いやどんだけぺろぺろしてんだよ、こいつ。と、ソラは思いながら話し出す。
「…この方向に進み続ければ階段が見つかるはずだ」
「了解――」
不意にルキナが後方を振り返った。そこには何もない。あるのは背の高い樹木とそれらによって日の光が遮られる事でできた暗い深淵だけであった。
「どうした?」
「…何でもない。何かに見られた気がしただけ」
「…モンスターか?」
「わからない」
何かに見られているというのは不思議ではない。ここは森の中。人類の生存圏ではなく、モンスターの楽園だ。

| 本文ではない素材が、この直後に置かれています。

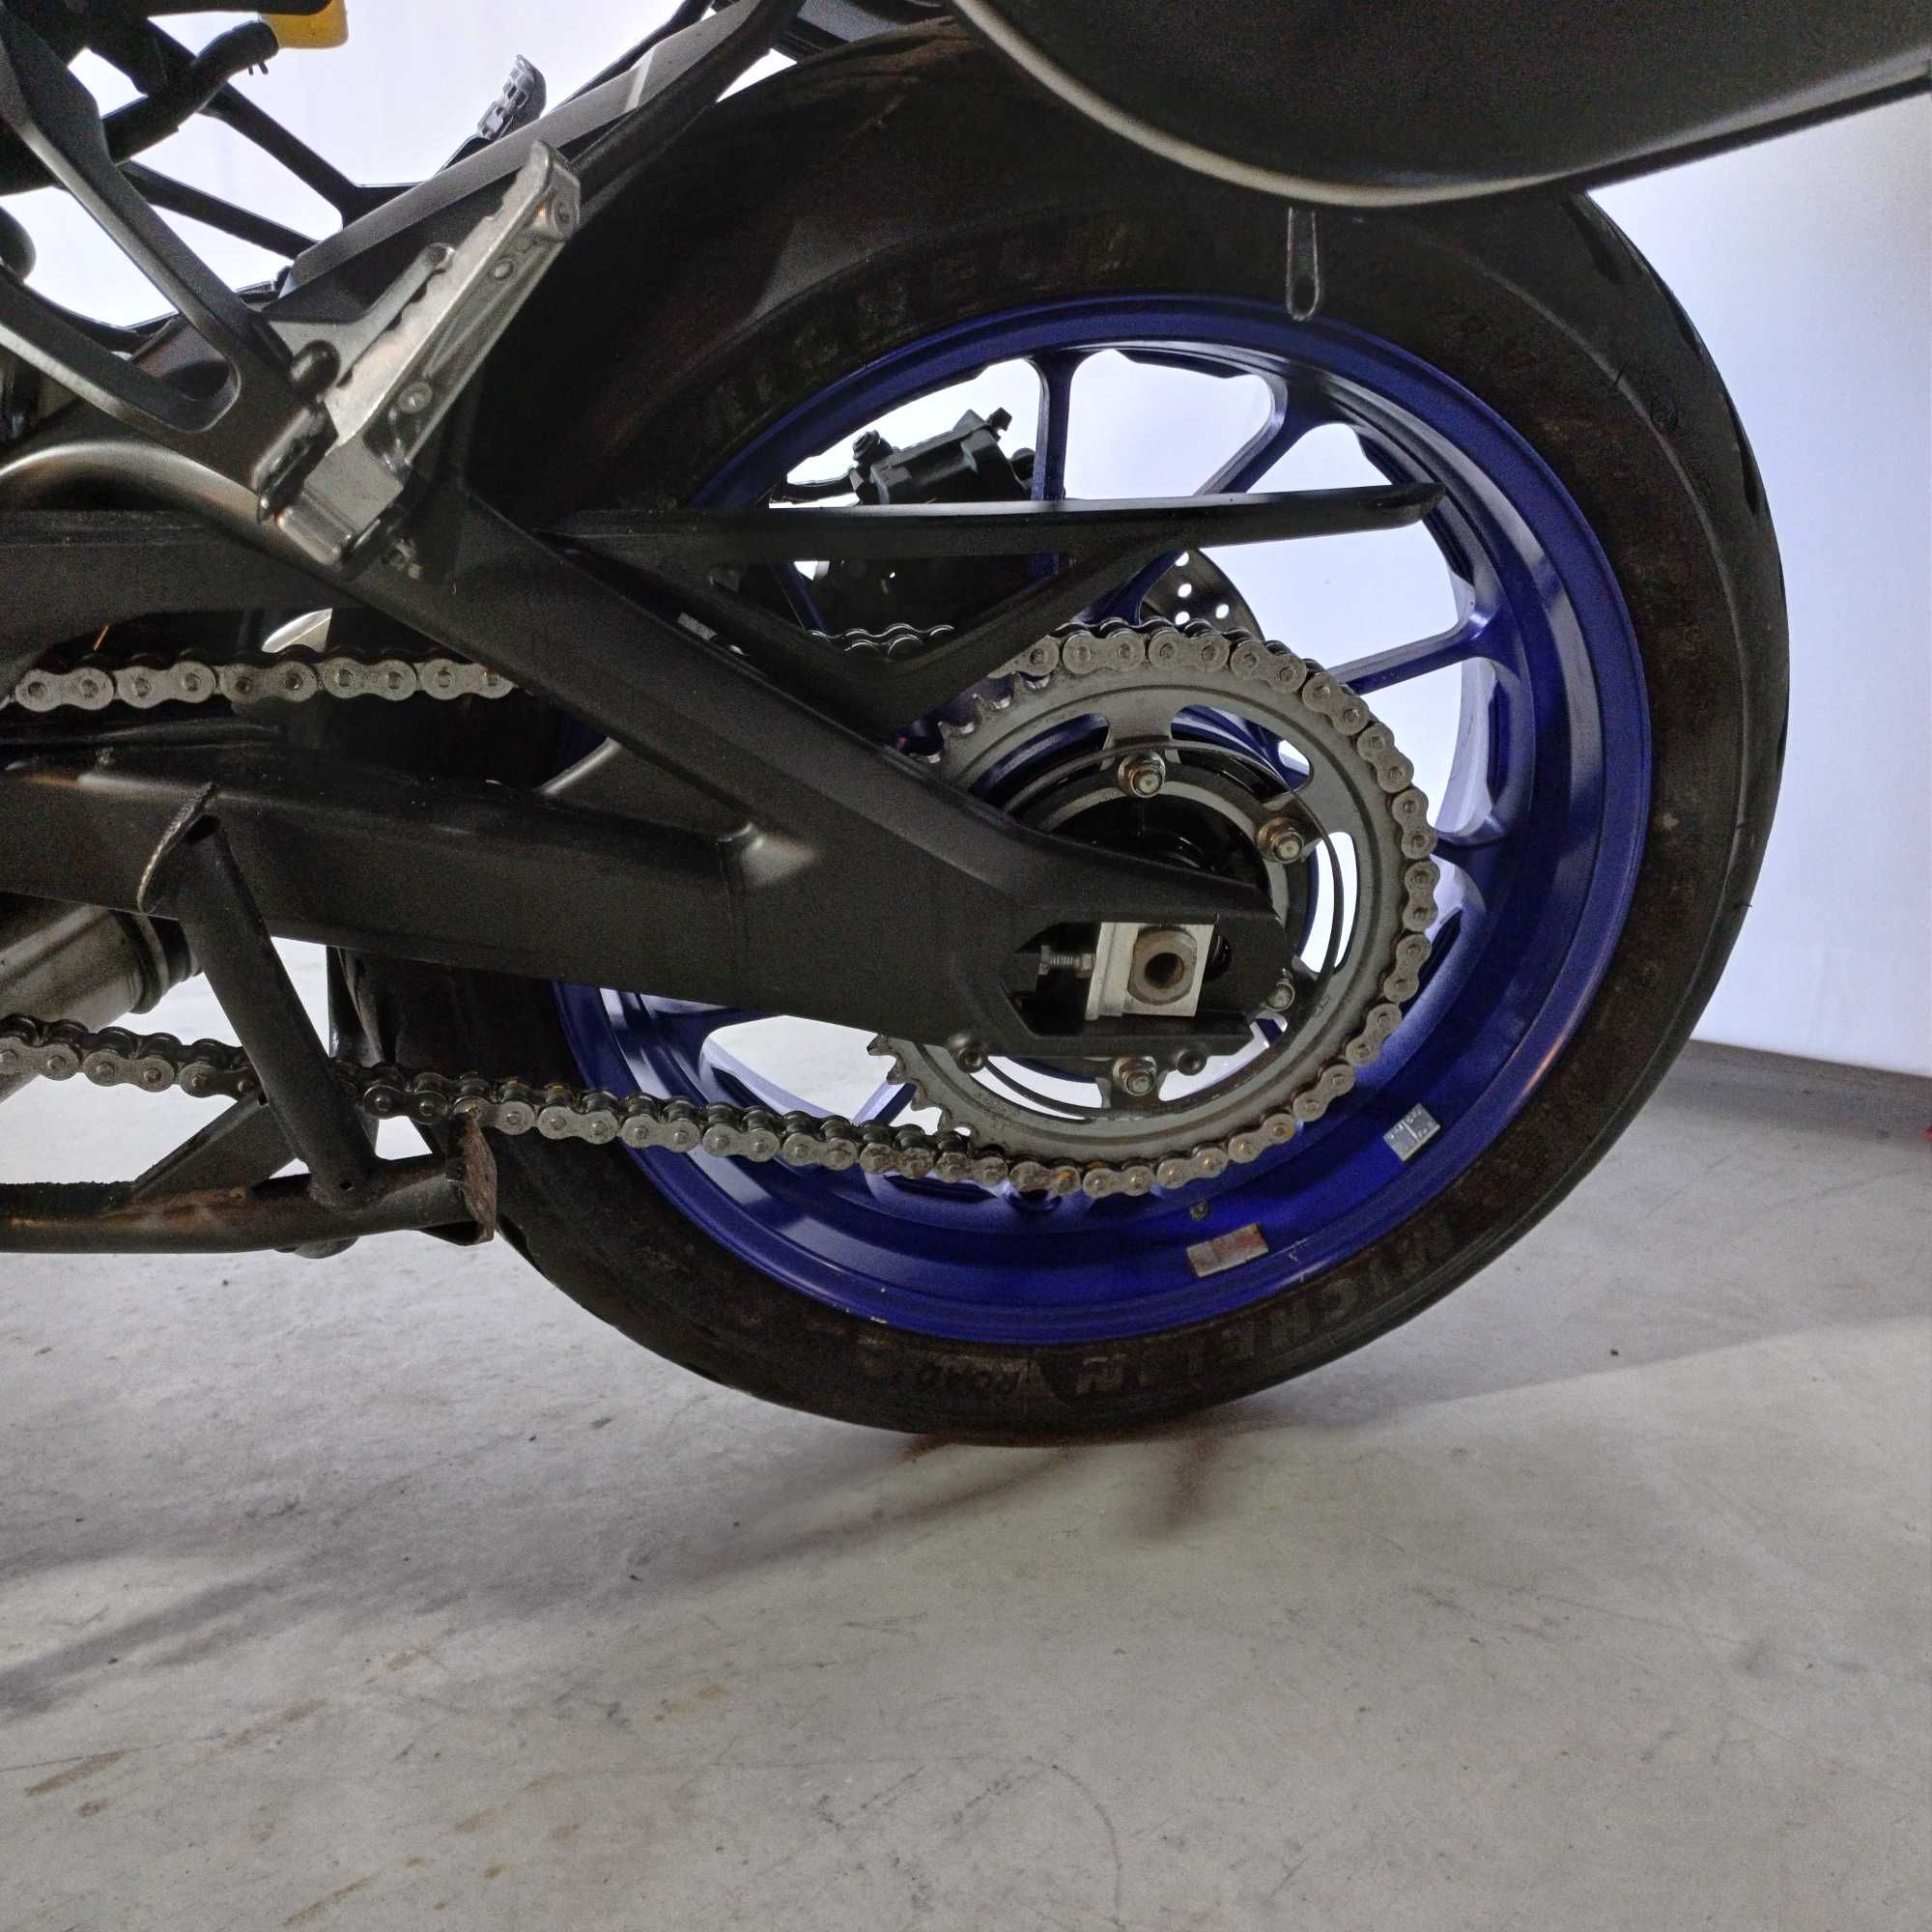 Motocicleta Yamaha Tracer 900 ABS | Y13073 | motomus.ro
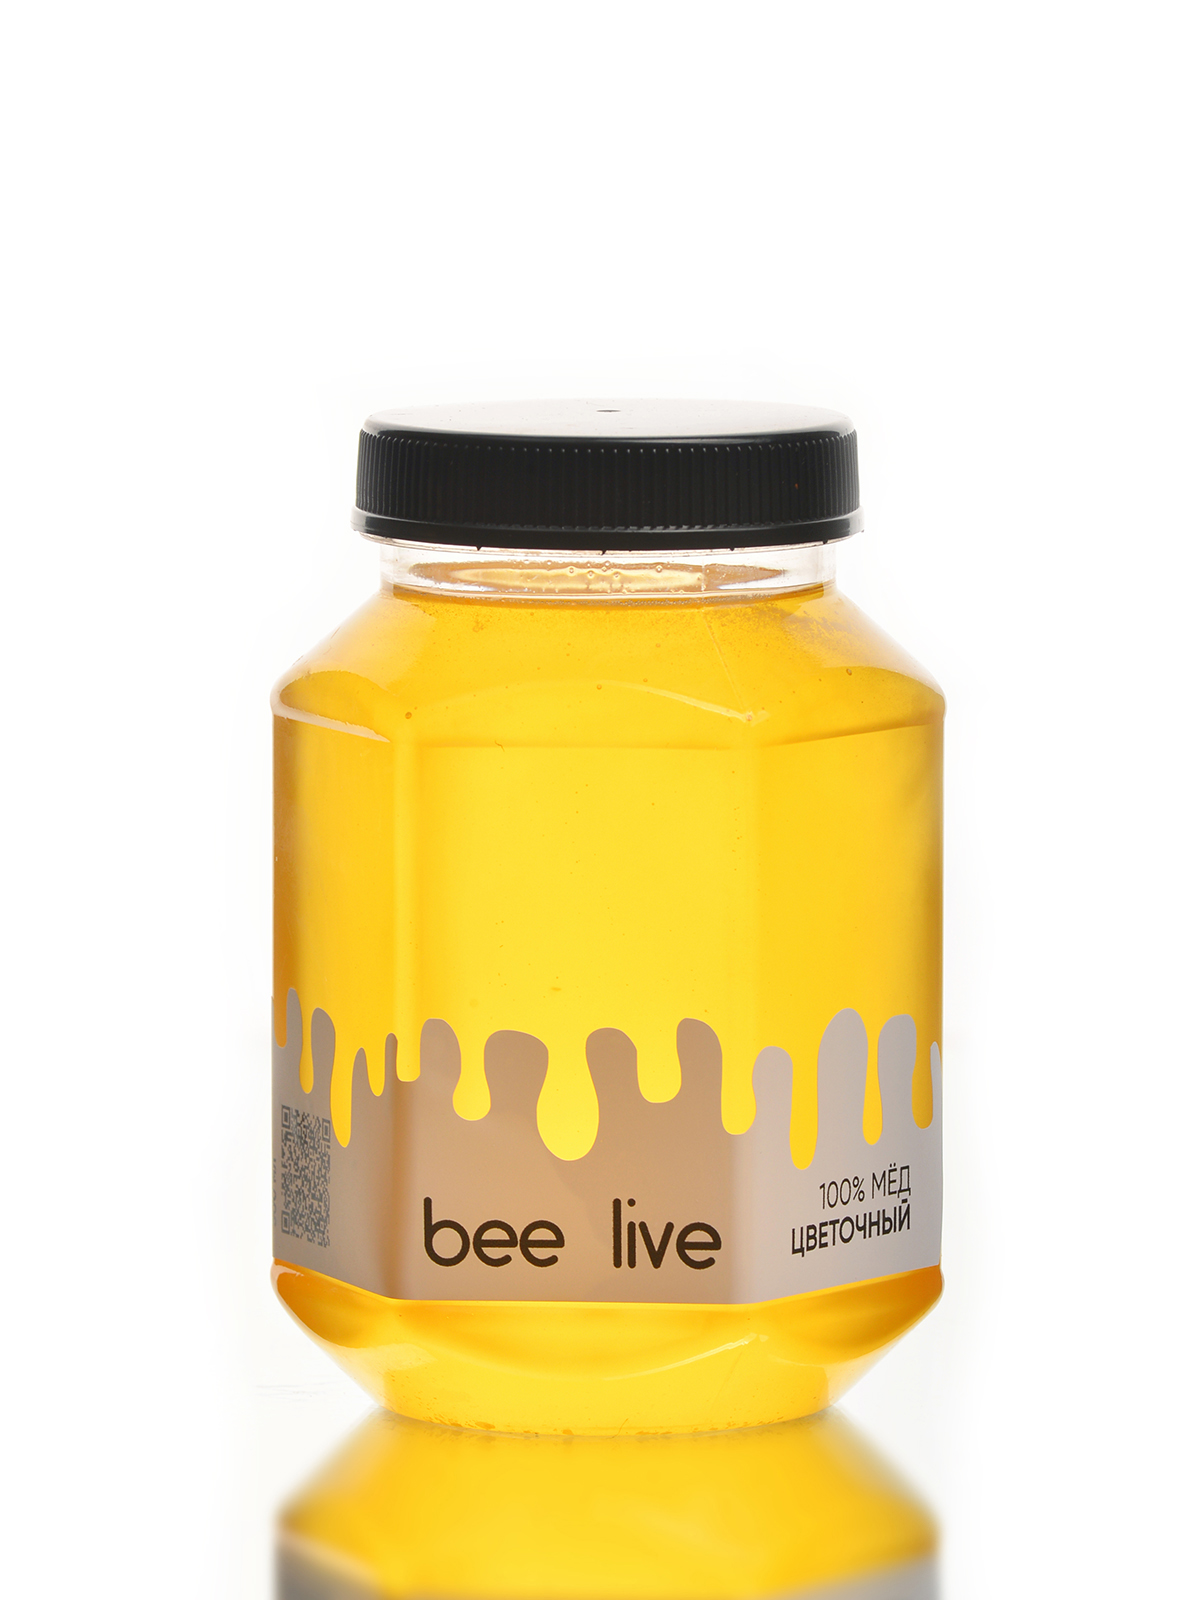 Цветочный мёд Bee live алтайский, 700 г

今こうしている瞬間にも彼らの隙をうかがっているモンスターがいてもおかしくはない。
しかし、ソラはその視線を感じることはなかった。また、現状知覚できる範囲にはモンスターは見当たらない。そのため、即座の危険はないだろうと考えられる。
ソラはもう一度、ルキナが視線を感じたであろう方向を見る。そこにあるのは吸い込まれそう闇とうっとおしいほどの樹木が立ち並ぶ景色のみであった。
どこか不気味なものを感じたソラは前方に向き直って言った。
「…さっさと階段まで行こう。ぐずぐずしてたらそのうち襲われるかもしれないしな」
「了解」
そうして二人は北東の階段を目指して速足で歩き出す。
「♪」
――そして、背後から一定の間隔で付いてくる誰かに彼らが気づくことはなかった。